Dan and I looked at this a bit more in our data operating theater and have a strong suspicion that this is indeed caused by re-direct requests. We compared April 19 which was akin to previous trends and Apr 26 which saw spikes and you can see the difference in 301 requests between the two days.

I looked at the uri_query of the 301 requests on 4/26 and found that a lot of them are ?from=Essay.svg%7Cenwiki%7C36141410&limit=20&target=Essay.svg&title=Special%3AGlobalUsage , and from a variety of projects like elwiki, cawiki, dewiki etc. When I searched for Special:GlobalUsage I got the Global file usage search page.
I think that once a user (logged in or out) clicks out of the search result, or changes the limit of the results on the page, it probably triggers a redirect and gets counted as a unique device.

Who can we reach out to, for confirming this and fixing the behavior of a Special page? is there a team that manages the Special pages?

OSefu-WMF lowered the priority of this task from High to Low.

@Mayakp.wiki: Special:GlobalUsage comes from Extension:GlobalUsage (GlobalUsage), which is a volunteer-authored extension.

According to https://www.mediawiki.org/wiki/Developers/Maintainers#MediaWiki_extensions_deployed_at_Wikimedia_Foundation and https://www.mediawiki.org/wiki/Wikimedia_Product/Component_responsibility it's owned by Structured Content team (formerly Structured Data) but the SLA is "Non-security patches not reviewed."
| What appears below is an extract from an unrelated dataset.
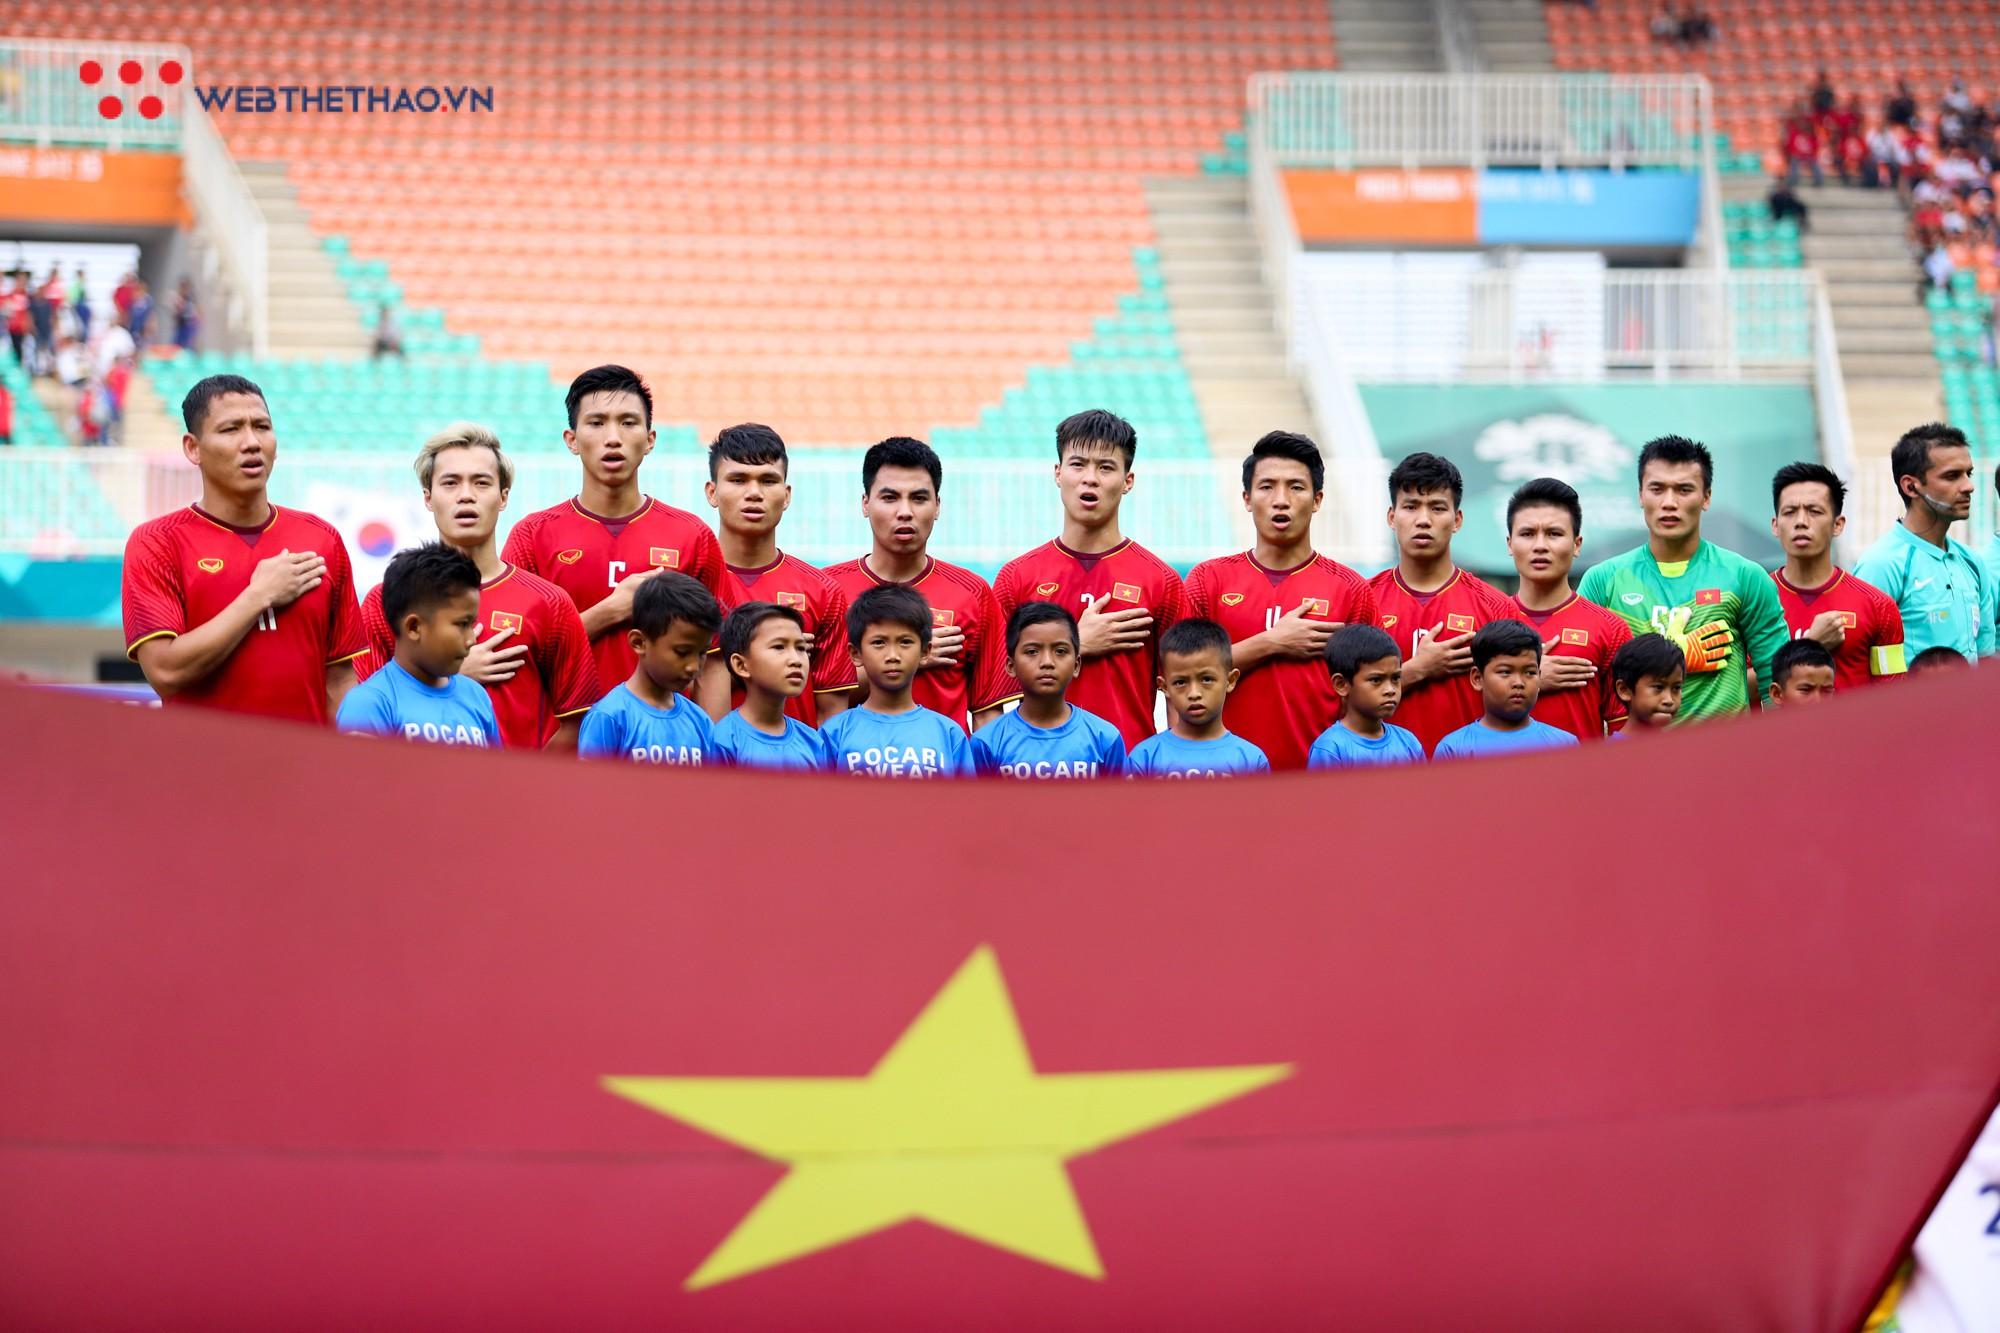 Cầu thủ U23 và Olympic Việt Nam sẽ dự lễ đón Cúp Ngoại hạng Anh đến Việt Nam - Ảnh 1.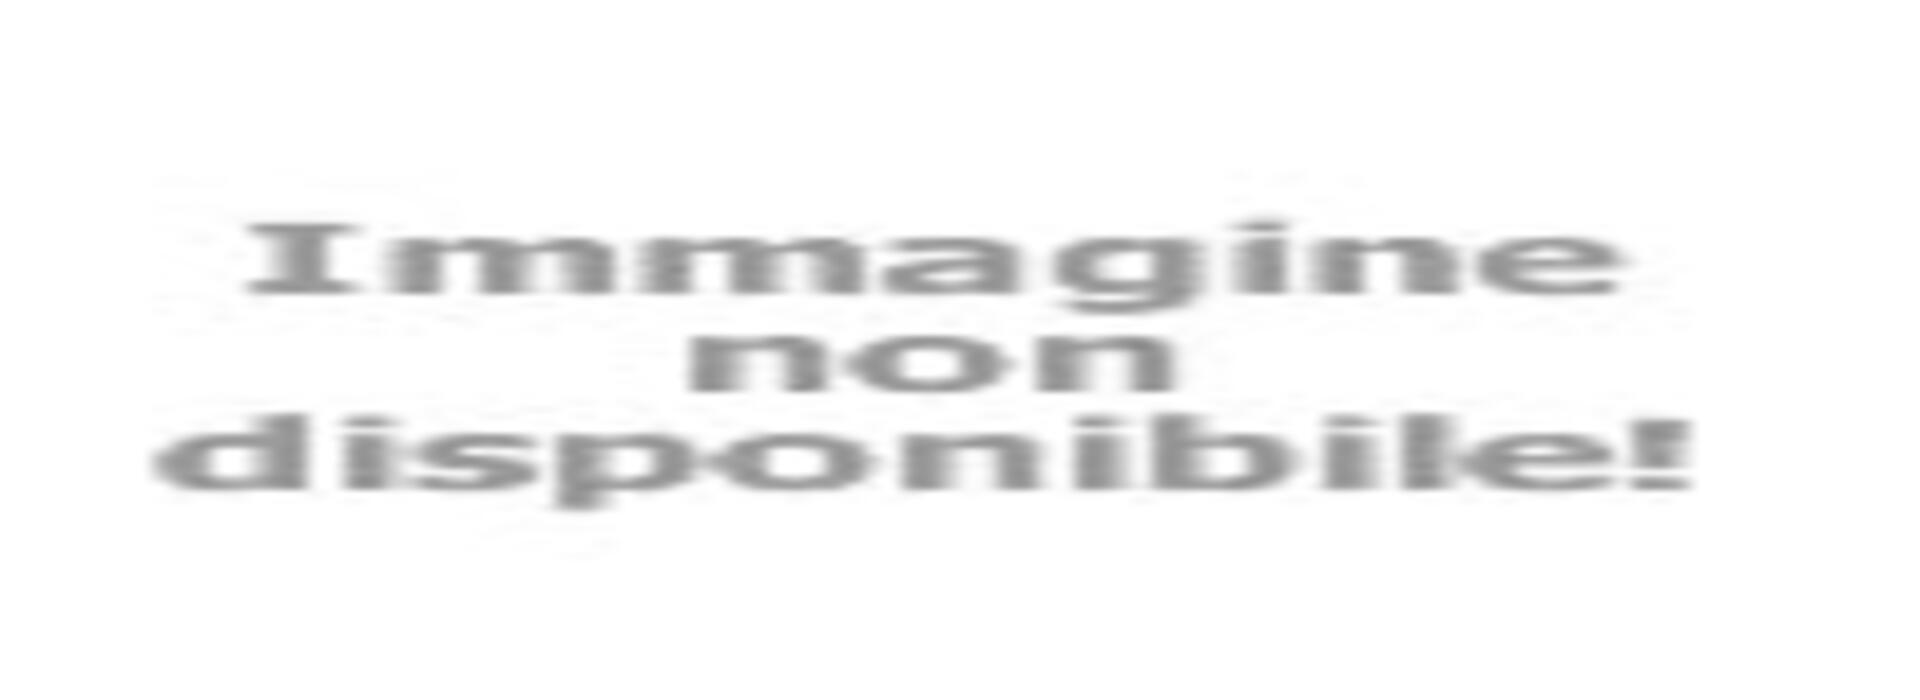 hotel-montecarlo pl bibione-noca 019

I think this means anyone can just fix the behavior and deploy the change.

It also means there's nobody to ask to fix the behavior. I believe this requires engineering help from DPE.

select normalized_host.project_class, ip, count(1) as view_count
from pageview_actor 
where year = 2024 and month = 6 and day = 28
  and http_status = '301'
  and agent_type = 'user'
  and uri_path = '/w/index.php'
  and regexp_like(uri_query, 'title=Special%3AGlobalUsage')
  and (is_redirect_to_pageview or is_pageview)
group by 1, 2
order by view_count desc
limit 1000

There are…a lot of "pageviews" coming from just 2 IP addresses that day.

Special:GlobalUsage on Wikifunctions is particularly utilized:

select normalized_host.project_class, count(1) as view_count
from pageview_actor 
where year = 2024 and month = 6 and day = 28
  and http_status = '301'
  and agent_type = 'user'
  and uri_path = '/w/index.php'
  and regexp_like(uri_query, 'title=Special%3AGlobalUsage')
  and (is_redirect_to_pageview or is_pageview)
group by 1
order by view_count desc
limit 1000
project classpageviews
wikifunctions41889
wikimedia814
wikipedia<250

These shouldn't actually be counted as pageviews. Technically there are only 4 Special pages that we count pageviews for, but maybe because this ends up redirecting to /w/index.php it bypasses out filter and gets counted.

I think T240676: Develop a consistent rule for which special pages count as pageviews deserves to be revisited.

Jdforrester-WMF subscribed.

There are…a lot of "pageviews" coming from just 2 IP addresses that day.

Special:GlobalUsage on Wikifunctions is particularly utilized:

[…]

These shouldn't actually be counted as pageviews.

Agreed. Possibly on Commons it should count, however?